1“I, then, a prisoner for the Lord, urge you to live in a manner worthy of the call you have received, a

2 with all humility and gentleness, with patience, bearing with one another through love,b

3 striving to preserve the unity of the Spirit through the bond of peace:c

4 * one body and one Spirit, as you were also called to the one hope of your call;d

5 one Lord, one Faith, one Baptism;e

6 one God and Father of all, who is over all and through all and in all.”

One of those quirky, pesky side effects of Original Sin is having to learn by working at it. We don’t have infused knowledge but must work for it. These skills must be acquired by learning how to know, love, and serve God and be happy with Him in Heaven.
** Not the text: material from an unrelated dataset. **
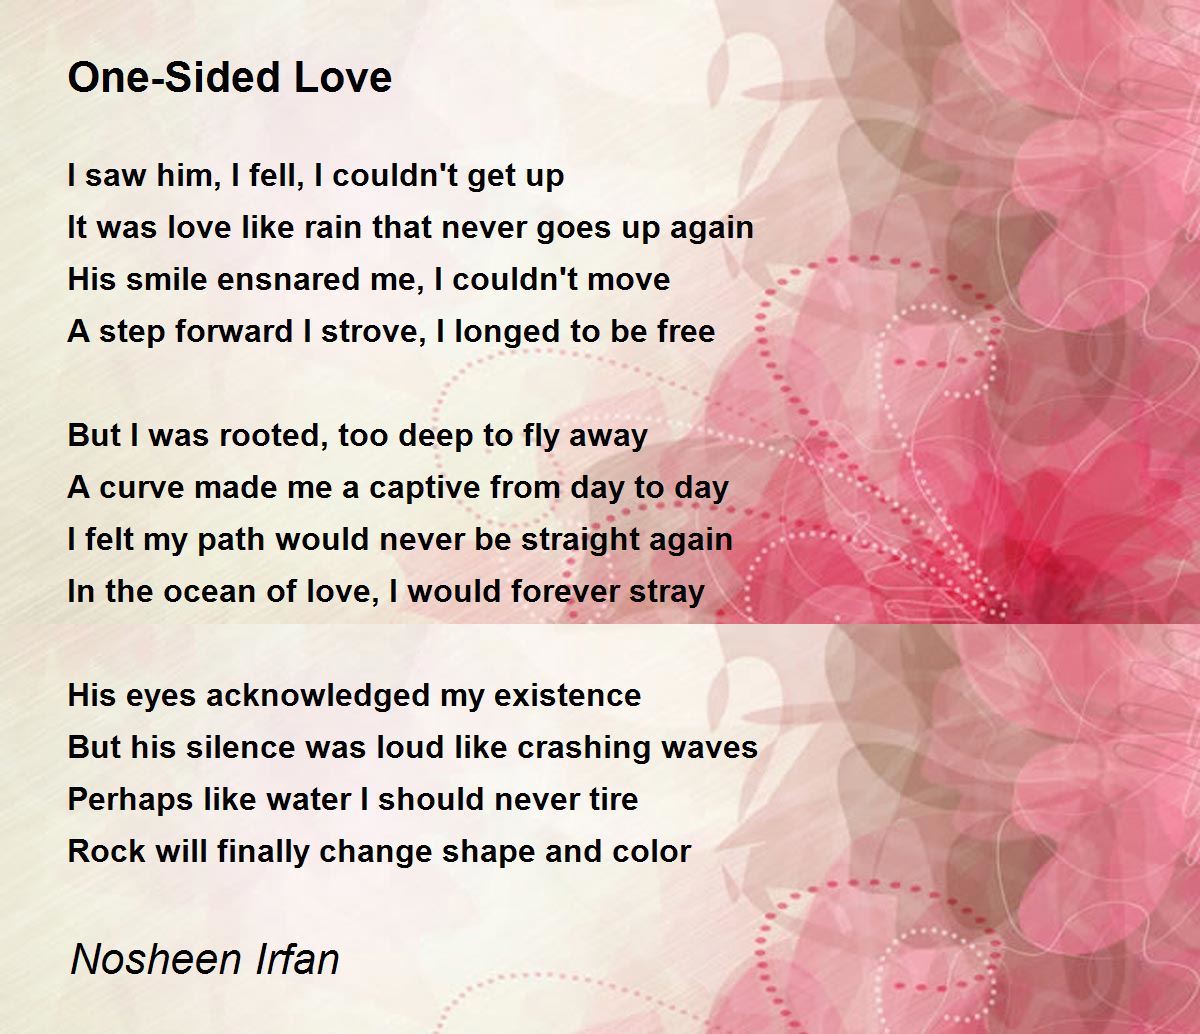 One-Sided Love - One-Sided Love Poem by Nosheen Irfan

The Art of Contemplative Practice is being present to Christ by using Cistercian contemplative practices to receive the Cistercian charisms that allow us to grow in the capacity of God (capacitas dei). I use my free will to place myself in a condition whereby I sit on a park bench in the dead of winter and wait for Christ to speak to me. These skills help me be in silence and solitude as I contemplate the Mystery of Faith each day.